Öte yandan HGK’nun 16.07.2008 tarih 501/507 sayılı (RG 512 kararı) ve Dairemizin 16.07.2008 tarih 501/507 sayılı kararları ile de benimsendiği üzere, tescil başvurusunda kötü niyetin varlığı başlı başına hükümsüzlük nedenidir. Ancak, kötü niyetin varlığı her somut olayın özellikleri ve hükümsüzlüğü istenen marka ya da markaların tescil başvurularının yapıldığı tarihteki hukuki durumu dikkate alınmak suretiyle değerlendirilmelidir.
Dava konusu “…” kelimesinin üzerinde kullanıldığı mal ve hizmetler bakımından ayırt ediciliği yüksek bir kelime olmasına karşın, belirli bir anlama sahip olduğundan bu ibarenin önceden var olmayan fantezi veya türetme kelime markası olduğundan (Ör: RG 512 markası gibi) söz edilemez.
Bilirkişi raporunda Tablo 1’de yer alan bilgiler itibariyle de dava konusu markaların tescil başvurularının yapıldığı 2007 yılında davacının ticari faaliyette bulunduğu menşe ülke dışında kalan ülkelerin sınırlı sayıda olduğu belirtildiğinden, davacı markasının Türkiye’deki tanınmış olmasa dahi meşhur ve maruf olduğundan söz edilmesi de mümkün bulunmamaktadır.
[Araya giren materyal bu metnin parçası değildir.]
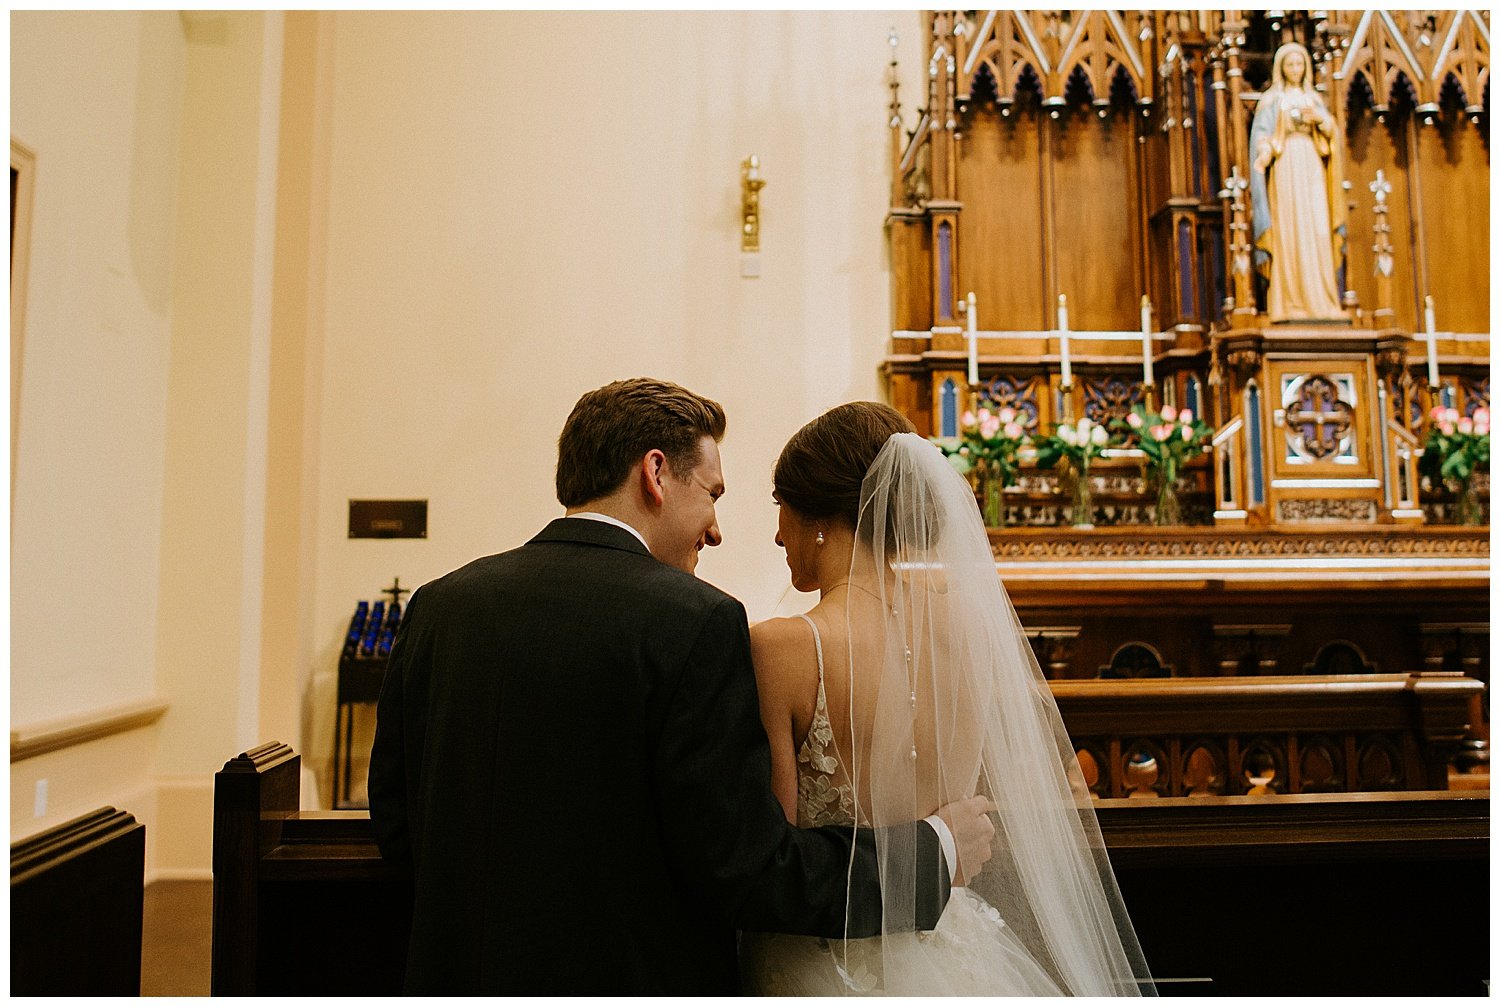 CHURCH BRIDAL BAPTISM RARE EDITIONS NEW GIRLS WHITE DRESS WITH SATIN WEDDING

556 sayılı KHK 6. maddesi uyarınca marka koruması tescille elde edilir ve tescil ve korumada ülkesellik ilkesi geçerlidir. Öte yandan, ülkemizin de taraf olduğu Paris Sözleşmesi ve TRIPS hükümleri dahilindeki bir marka sahibinin Türkiye’de tescilli olmasa dahi ülkemizde ticari faaliyette bulunması koşuluyla öncelik ve fikri ve sınai haktan kaynaklanan üstün hak sahipliği iddiasına dayanması, tanınmışlık halinde de üçüncü kişilerce gerçekleştirilen başvuruya itiraz ve tescil halinde de hükümsüzlük davası açma hakkı mevcuttur. Ancak, yukarıda belirtilen bilirkişi raporuna göre, dava konusu markaların başvuru tarihi itibariyle davacı markası tanınmış olmadığı gibi, bu tarihten önce Türkiye’de ticari faaliyet kapsamında markasal bir kullanımı da bulunmamaktadır. Hükümsüzlüğü istenen markayı oluşturan “…” ibaresinin fantezi / türetme kelime olmaması, ayrıca 2007 yılında gerçekleşen marka başvurusu tarihlerinde davacı markasının meşhur ve maruf olmadığı, dolayısıyla da Türkiye’de ilgili sektörce bilindiği halde marka ticareti, yedekleme, şantaj vb. amaçlarla kötü niyetli olarak tescil ettirildiği hususlarının kabulü de mümkün olmadığı halde mahkemece yazılı gerekçelerle davanın kabulü doğru görülmeyip bozmayı gerekmiştir…” şeklinde karar verilmiştir.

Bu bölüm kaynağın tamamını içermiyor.